Arizona Group Wins $240,000 Settle With CSU In Anti-Abortion Speaker Case

SAN DIEGO – On Tuesday, a federal lawsuit brought by attorneys with the Arizona-based Alliance Defending Freedom against California State University–San Marcos came to an end after the university agreed to revise student fee policies and pay more than $240,000. The agreement comes after a federal court ruled last summer that those policies unconstitutionally discriminated against views the university didn’t favor.

Alliance Defending Freedom attorneys filed the lawsuit that prompted the policy and procedure changes on behalf of the campus chapter of Students for Life.

Under the agreement, the CSU chancellor’s office will within 90 days issue a system-wide policy on viewpoint-neutral spending of student association funds on speeches.

The chancellor’s office issued a statement saying the court found the auxiliary’s funding process wasn’t identified or documented adequately but that the court didn’t make any finding that viewpoint discrimination had taken place.

California State University is the largest four-year university system in the United States, with almost half a million students and 23 campuses.

In 2017, the Students for Life chapter filed the lawsuit, challenging the university’s funding policies used to fund groups with favored views, according to Alliance Defending Freedom.
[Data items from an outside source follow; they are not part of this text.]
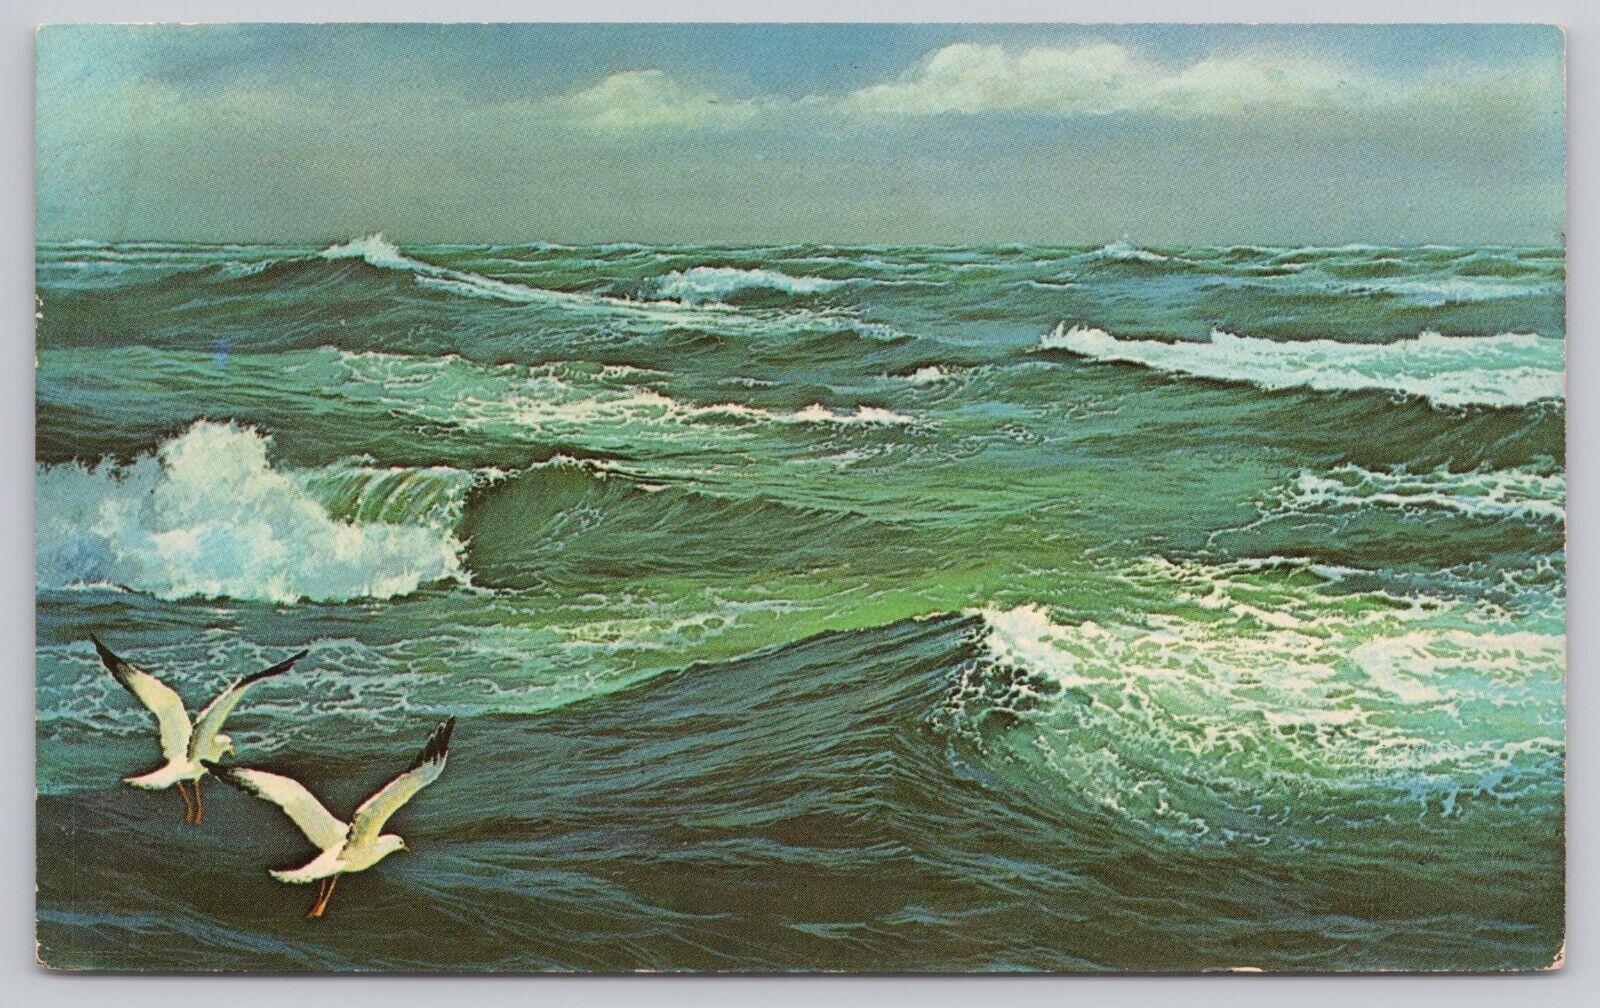 Myrtle Beach South Carolina, Ocean Breakers Waves & Sea Gulls, Vintage Postcard
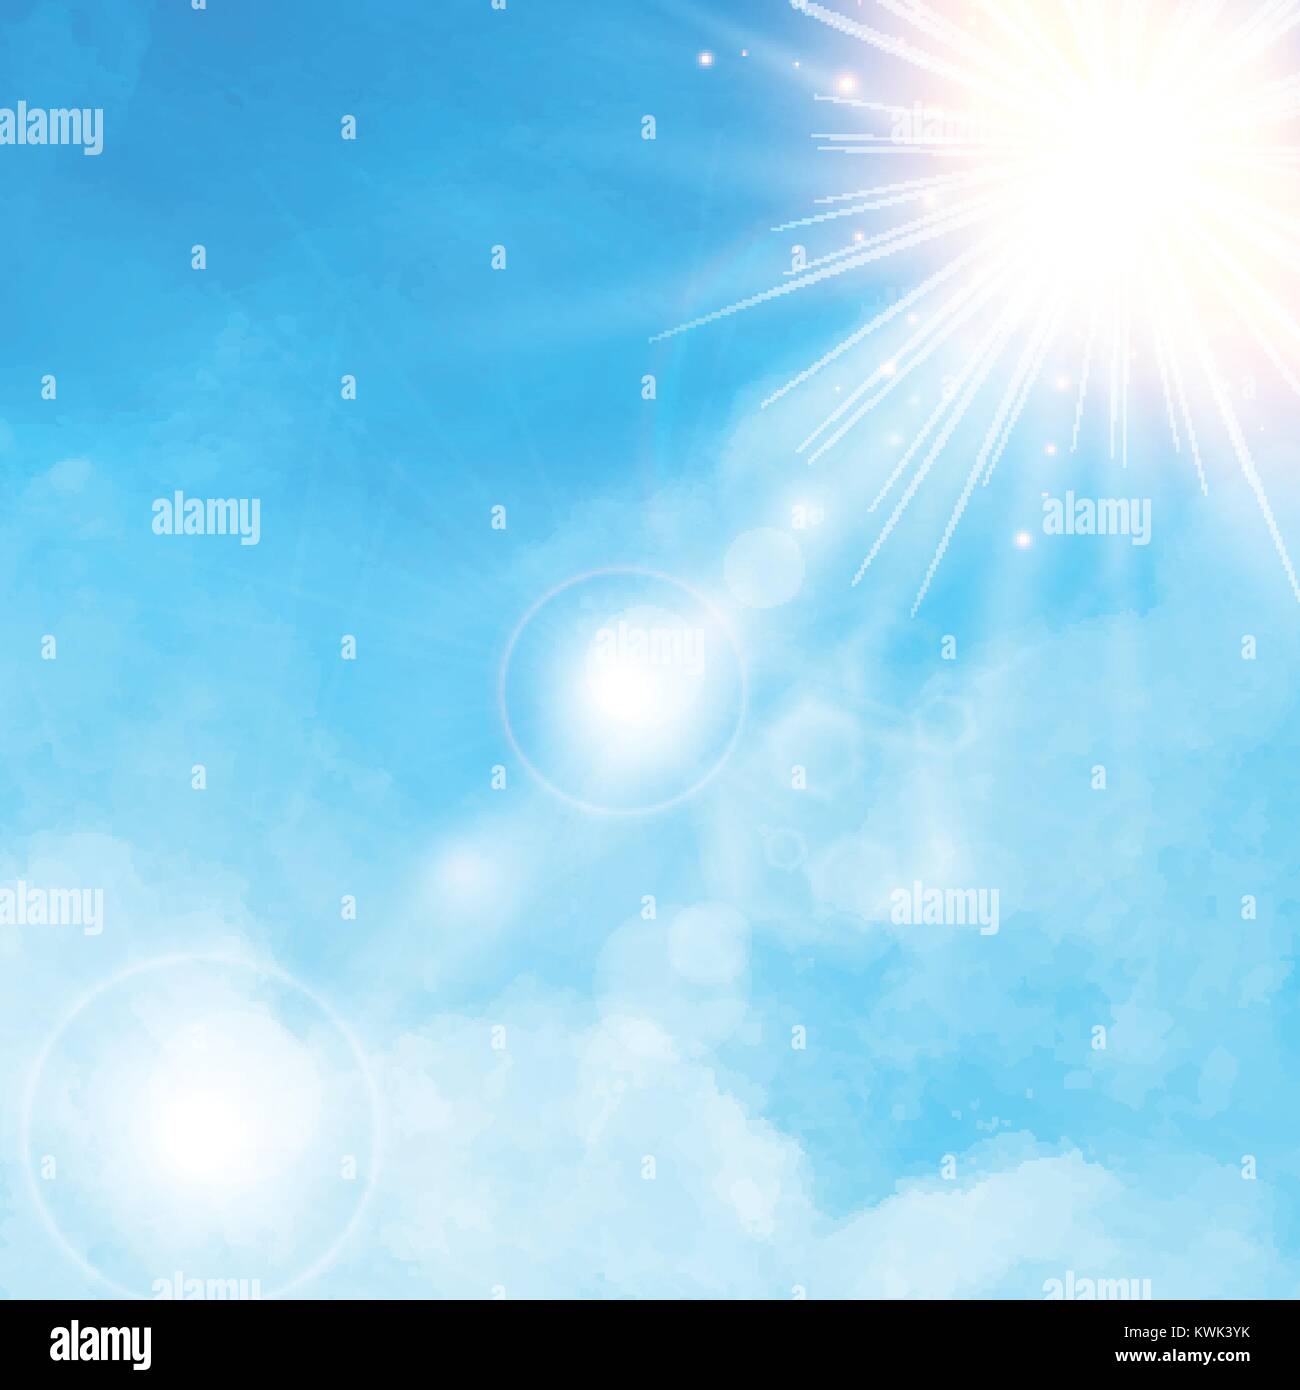 Detalle de nubes blancas en el cielo azul con sol daylight ilustración vectorial fondo con espacio de copia Ilustración del Vector
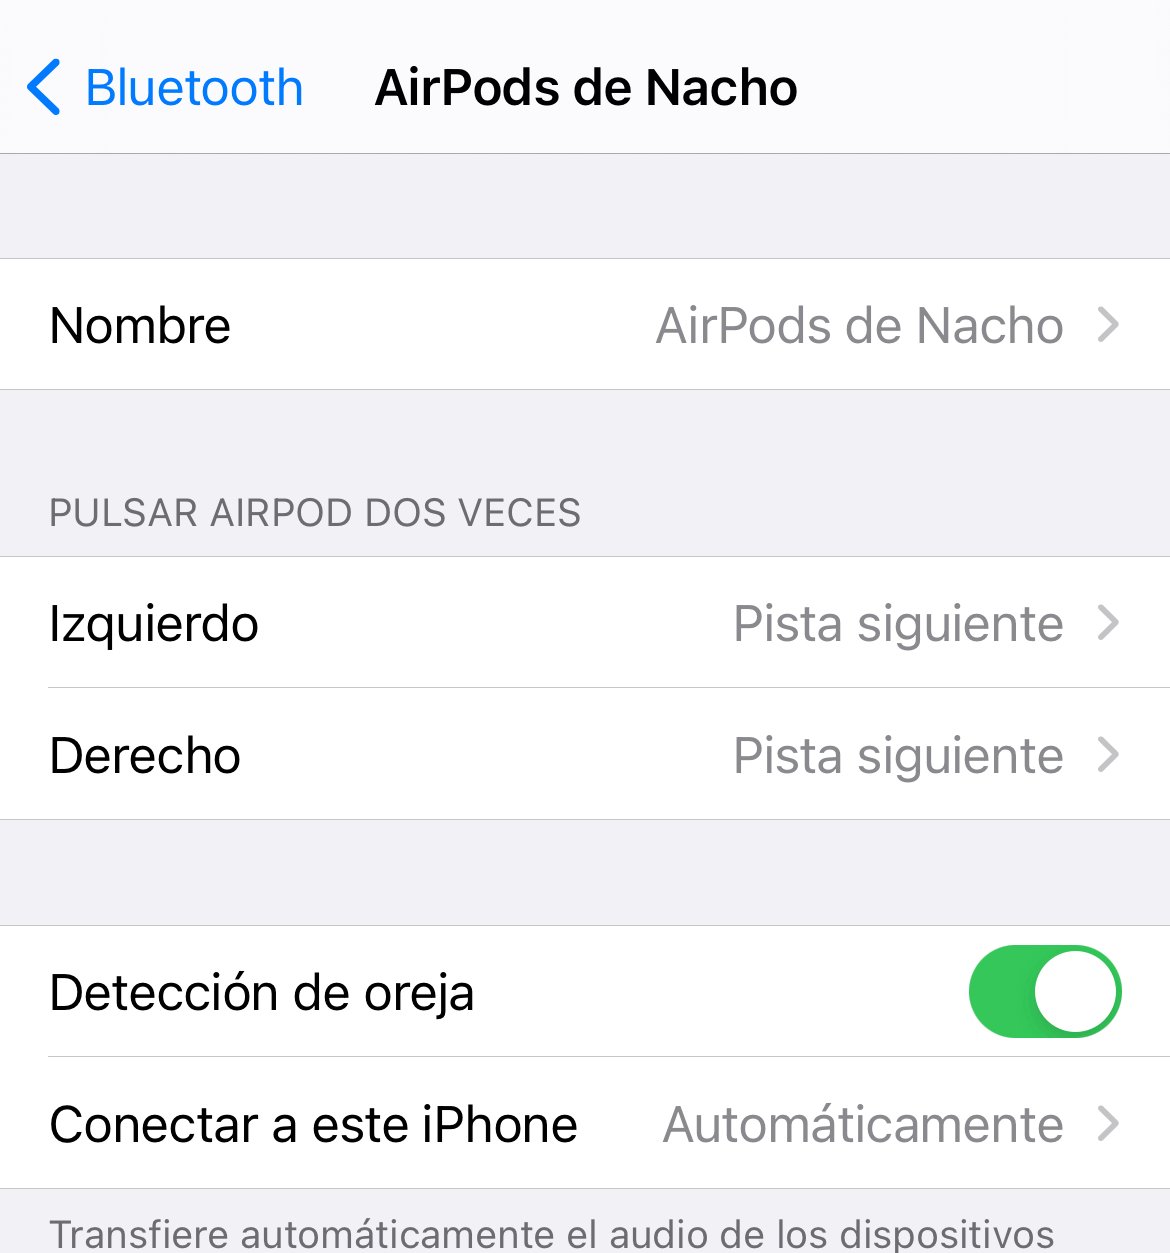 9 trucos y secretos para utilizar los AirPods de Apple

At the same time, the university prevented a pro-life organization and its campus president, Nathan Apodaca, from accessing student funding to promote their views.

Attorneys noted that the university funded the Gender Equity and the LGBTQA Pride Center with almost $300,000 in mandatory fees while denying Students for Life $500 in funding to host a visiting speaker on “Abortion and Human Equality” to provide a contrasting view.

In August 2019, a federal district court struck down the CSU–San Marcos policy of “back room deliberations” that lead to unequal treatment of student groups and directed both sides to reach an agreement on the policy issues raised in the lawsuit.

CSU–San Marcos has more than 100 recognized student groups. In the 2016-2017 academic year, the Gender Equity Center and the LGBQTA Pride Center received a combined $296,498 to funds its activities—57 times more than all other 100 student groups combined—compared to the less than $6,000 that was actually distributed to all 100 other student groups.

During the same school year, Students for Life applied for a $500 “Leadership Funding” grant to host pro-life speaker and University of North Carolina–Wilmington Professor Mike Adams to provide an alternative view. Even though Apodaca and other Students for Life members paid the same mandatory student activity fees that all students pay as a condition of enrollment, he and his pro-life peers were denied equal access to those fees to bring Adams to campus.

“We’re pleased that the court recognized the right of all students to be free from discrimination based on their viewpoint and that, as a result, the Cal State system will better align with the ‘inclusiveness’ and ‘individual and cultural diversity’ it touts within its community,” said ADF Senior Counsel Tyson Langhofer, director of the ADF Center for Academic Freedom in a press release. “Today’s college students will be tomorrow’s legislators, judges, commissioners, and voters, and Cal-State San Marcos now understands that it can’t force student citizens to pay for advocacy of views the university decides are orthodox while effectively excluding funding for competing views. There can be no marketplace of ideas where the government favors certain views and suppresses others.”

“Public universities have no right to use their power, including mandatory student fees, to restrict or silence speech they don’t like,” said Kristan Hawkins, president of Students for Life of America. “Because of the initiative and courage of student leaders at Cal State–San Marcos, pro-life students at public universities across California will benefit from the administration’s policy reversal. Pro-life students should have every opportunity available to them that pro-abortion students have, and anything less is a failure on the part of the university to abide by the First Amendment.”